If we also note that $\sum_h p(v,h)= p(v)$, and use the definition of conditional probability $p(h|v) = \frac{p(v,h)}{p(v)}$, we can further simplify the expression for the gradient:

$\Large{ \begin{array}{rcl} \frac{\partial l(v;\theta)}{\partial \theta} &=& - \frac{1}{p(v)} \sum_h p(v,h) \frac{\partial E(v,h)}{\partial \theta} + \sum_{v'}\sum_{h'}p(v',h')\frac{\partial E(v',h')}{\partial \theta} \\ &=& -\sum_h \frac{p(v,h)}{p(v)} \frac{\partial E(v,h)}{\partial \theta} + \sum_{v'}\sum_{h'}p(v',h')\frac{\partial E(v',h')}{\partial \theta} \\ &=& -\sum_h p(h | v) \frac{\partial E(v,h)}{\partial \theta} + \sum_{v'}\sum_{h'}p(v',h')\frac{\partial E(v',h')}{\partial \theta} \\ &=& -\mathbb{E}_{p(h | v)} \frac{\partial E(v,h)}{\partial \theta} + \mathbb{E}_{p(v',h')}\frac{\partial E(v',h')}{\partial \theta}. \\ \end{array}}$

Here $\mathbb{E}_{p(*)}$ is the expected value under the distribution $p(*)$. Thus the gradient of the likelihood function is composed of two parts. The first part is expected gradient of the energy function with respect to the conditional distribution $p(h|v)$. The second part is expected gradient of the energy function with respect to the joint distribution over all variable states.
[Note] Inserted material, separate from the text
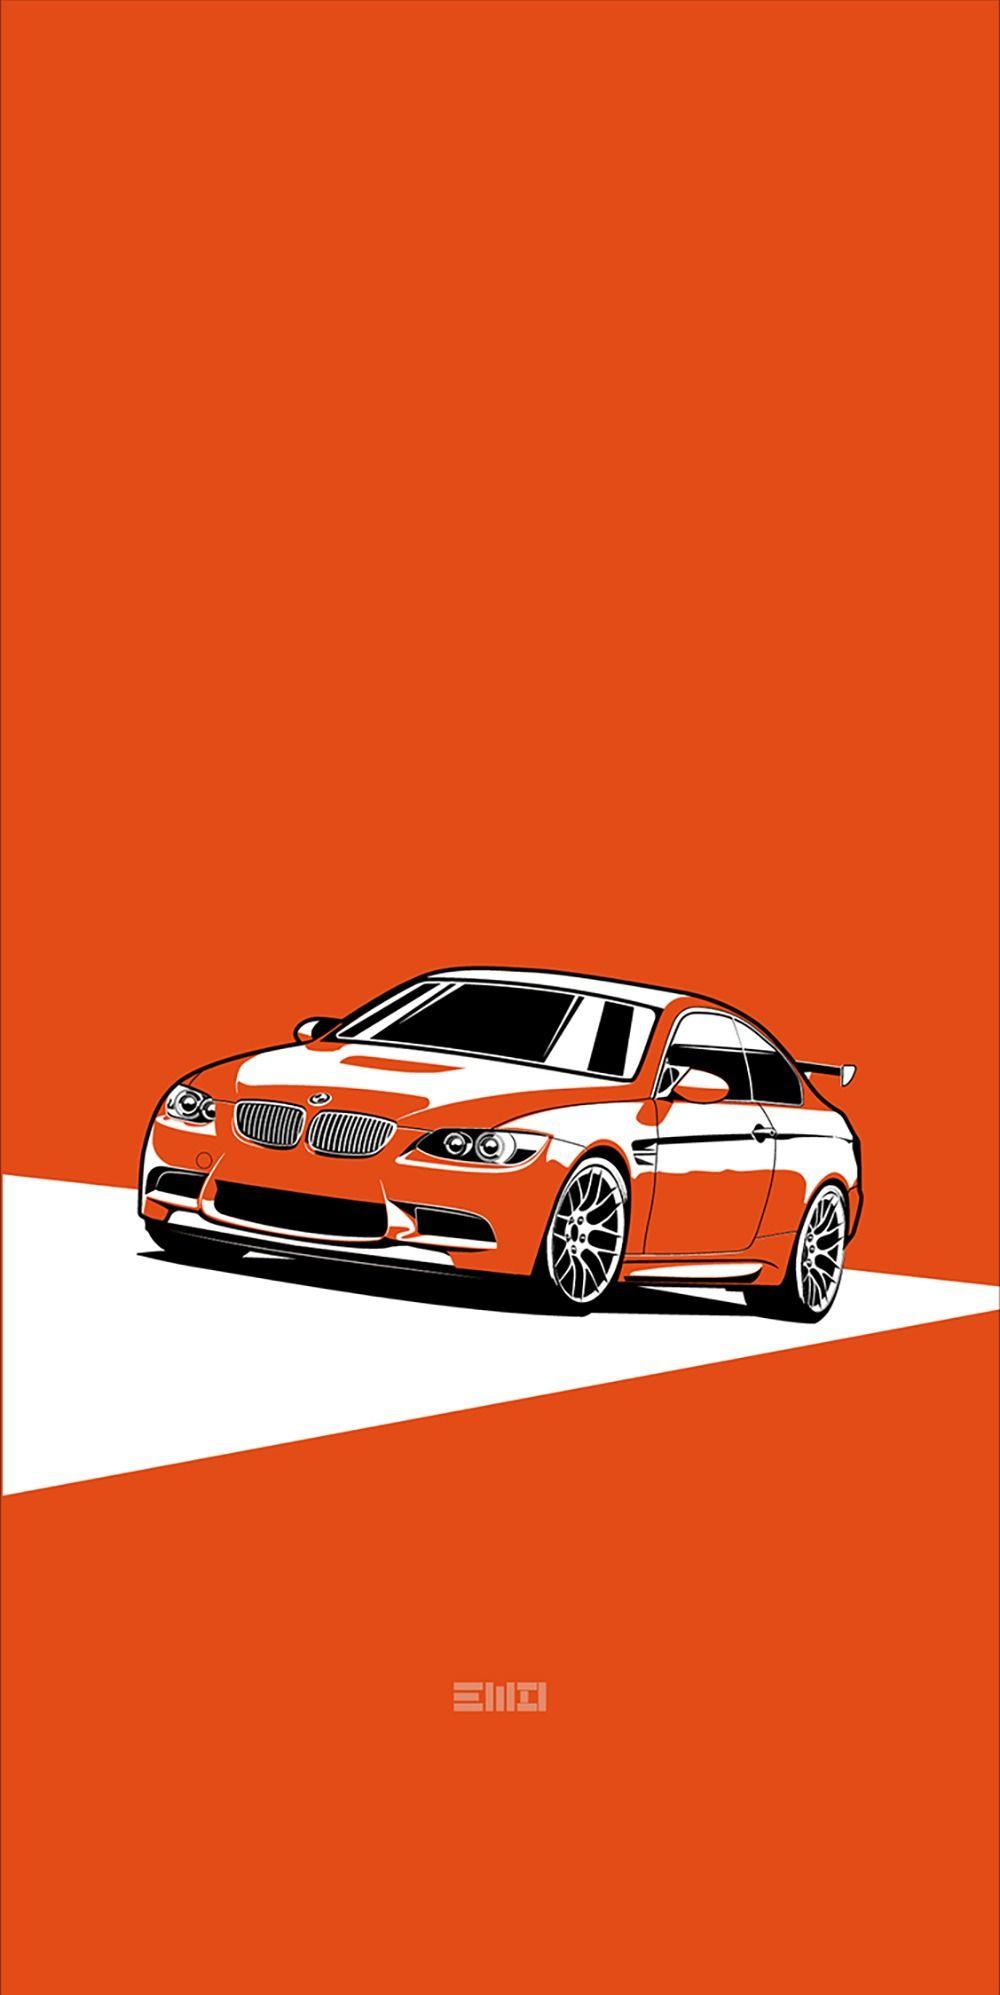 E92 Gts Poster Automotive Art Illustrations

However, calculating these expectations is generally infeasible for any realistically-sized model, as it involves summing over a huge number of possible states/configurations. The general approach for solving this problem is to use Markov Chain Monte Carlo (MCMC) to approximate these sums:

$\Large{\begin{array}{rcl} \frac{\partial l(v;\theta)}{\partial \theta} &\approx& -\left \langle \frac{\partial E(v,h)}{\partial \theta} \right \rangle_{p(h_{\text{data}}|v_{\text{data}})} + \left \langle \frac{\partial E(v,h)}{\partial \theta} \right \rangle_{p(h_{\text{model}}|v_{\text{model}})} \\ \end{array}}.$

Here $\langle \rangle_{p(*)}$ is the sample average of samples drawn according to the process $p(*)$. The first term is calculated by taking the average value of the energy function gradient when the visible and hidden units are being driven by observed data samples. In practice, this first term is generally straightforward to calculate. Calculating the second term is generally more complicated and involves running a set of Markov chains until they reach the current model’s equilibrium distribution (i.e. via Gibbs sampling, Metropolis-Hastings, or the like), then taking the average energy function gradient based on those samples. See this post on MCMC methods for details. It turns out that there is a subclass of Boltzmann machines that, due to a restricted connectivity/energy function (specifically, the parameters $(A, B)=0$), allow for efficient MCMC by way of blocked Gibbs sampling. These models, known as restricted Boltzman machines have become an important component for unsupervised pretraining in the field of deep learning and will be the focus of a related post.